Russia has denied hitting the building where more than 1,000 people were sheltering in the basement.

In a vain attempt to protect those inside from missiles and air strikes that Russia has continued to rain down on Ukraine's cities, an enormous sign reading “CHILDREN” in Russian had been posted outside the grand, columned theatre to make it visible from the air.

Mariupol residents flee besieged city: 'We are trying to survive somehow'

Evacuees fleeing Ukraine-Russia conflict walk out of the besieged southern port city of Mariupol, Ukraine March 17, 2022.  REUTERS / Alexander Ermochenko

The final casualty count from the March 16 attack has taken days to produce due to the continuing siege of the city.

The report from the city government of Mariupol on Friday cited witnesses to the strike but the officials admitted that it was still not possible to determine the exact death toll.

“From witnesses comes information that about 300 people died in the Mariupol Drama Theatre as a result of the bombing by a Russian plane,” the Mariupol city council said in a statement on Friday.

“Up until the very last moment, one does not want to believe this horror.

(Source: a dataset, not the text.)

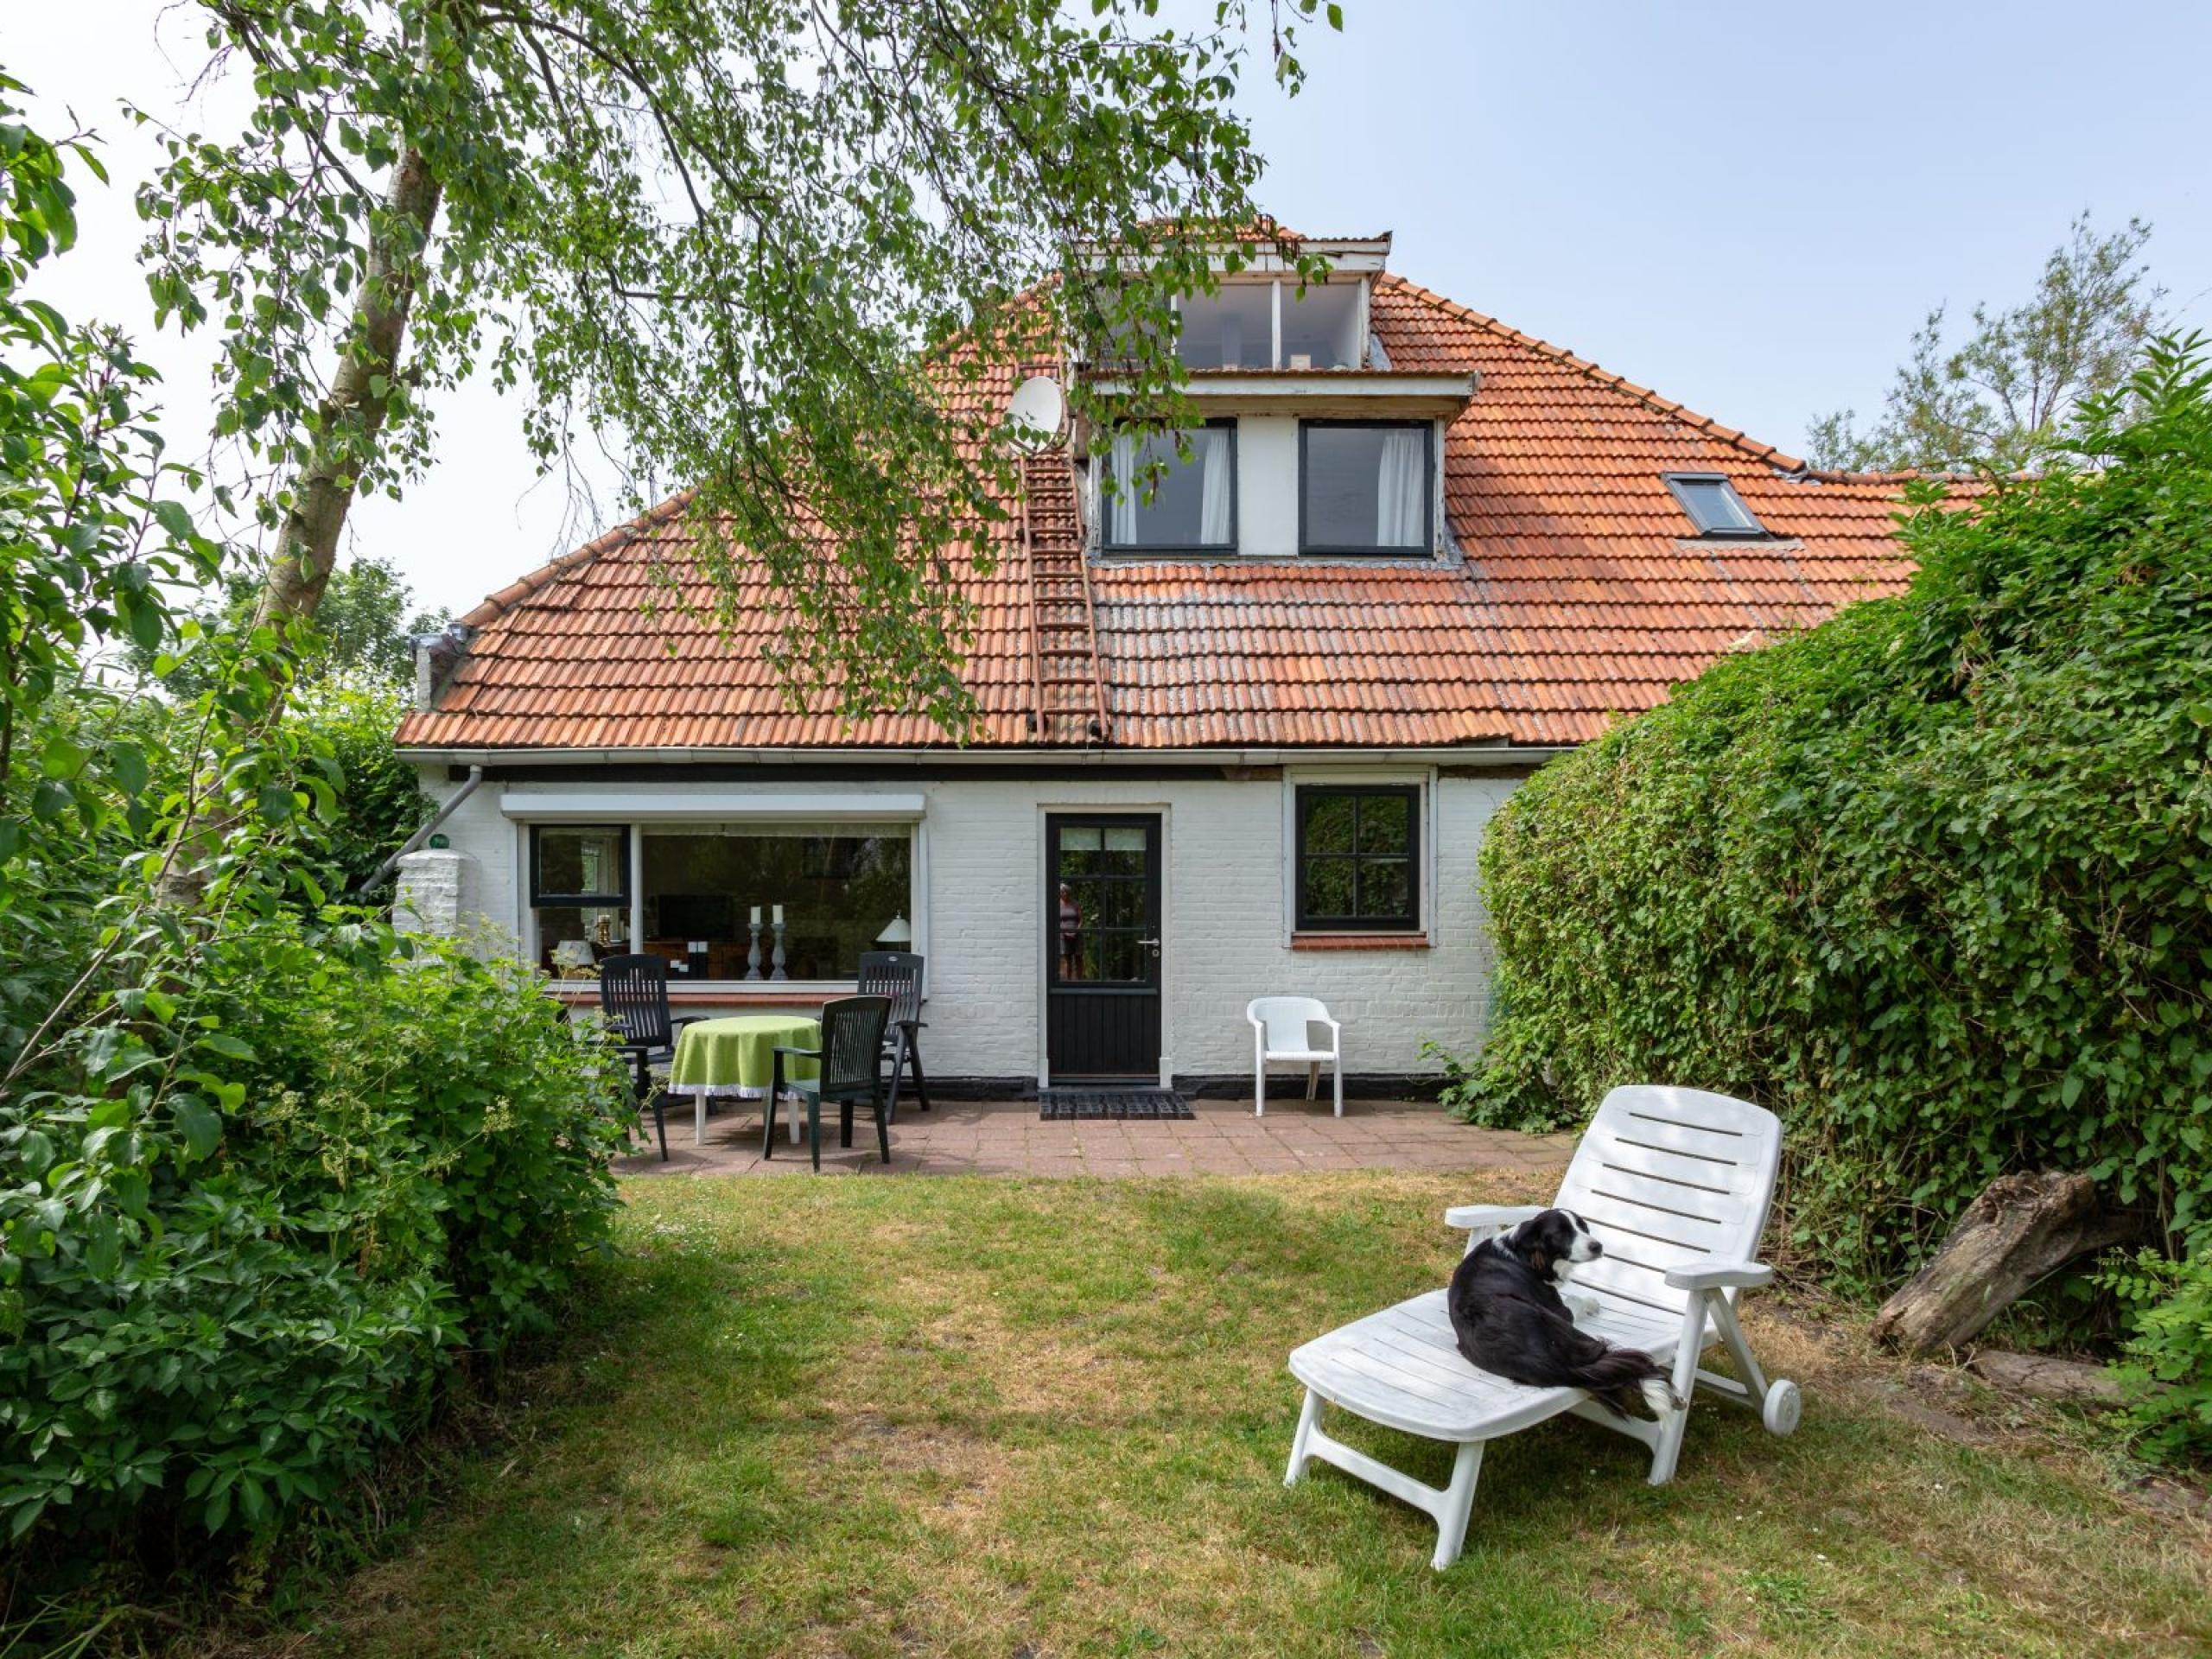 Gemütliches Appartement in Bauernhof einzigartige Lage in Eierland
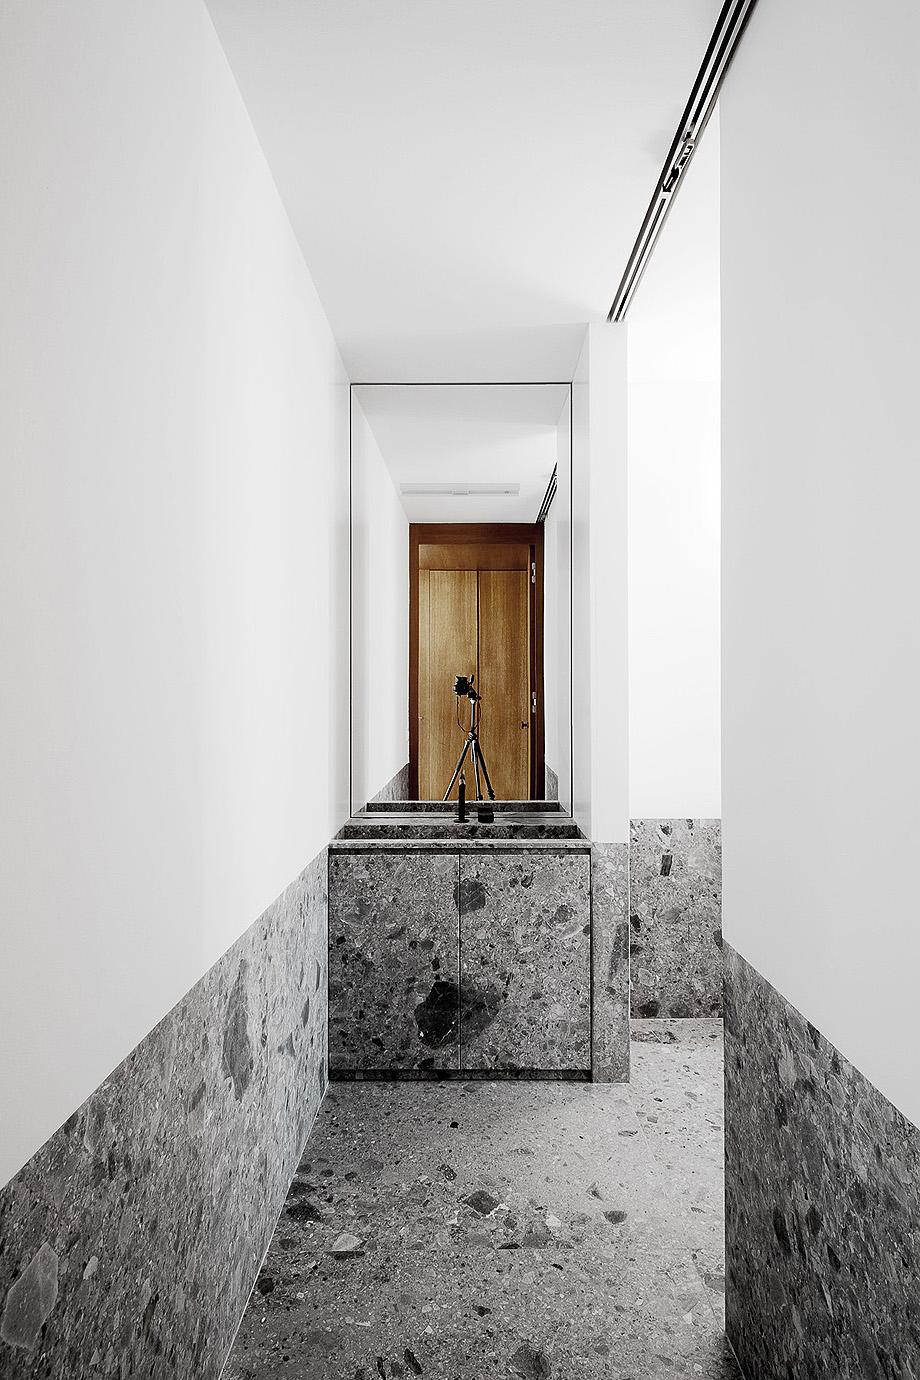 apartamento p-420 de nicolas dorval-bory - foto francesco rioda (6)

But the words of those who were inside the building at the time of this terrorist act say the opposite.”

The head of the UN human rights monitoring mission in Ukraine, Matilda Bogner, said that her team had not been able to obtain enough information to verify the death toll.

“We are getting less and less information from there [Mariupol] and in that specific case, we are still trying to verify the details,” she told journalists in Geneva via video link.

Ukrainian officials have said that about 130 people were rescued from the rubble and that the theatre basement had withstood the attack.

The scale of devastation in Mariupol, where bodies have lain unburied in bomb craters and buildings have been hollowed out by relentless attacks, has made information difficult to obtain.

But soon after the attack, the Ukrainian Parliament’s human rights commissioner said more than 1,300 people had taken cover in the theatre, many of them because their homes had been destroyed in Russia’s siege.

The building had a basement bomb shelter and some survivors did emerge from the rubble after the attack.

The new reported death toll came a day after US President Joe Biden and allied leaders promised that more military aid for Ukraine was coming.

At an emergency Nato summit in Brussels, Belgium, on Thursday, Ukrainian President Volodymyr Zelenskyy pleaded with the western allies via video for planes, tanks, rockets, air defence systems and other weapons, saying his country is “defending our common values”.

But Nato nations are reluctant, fearing that providing planes and tanks and instituting a no-fly zone in Ukraine’s airspace could increase the risk of being drawn into direct conflict with Russia.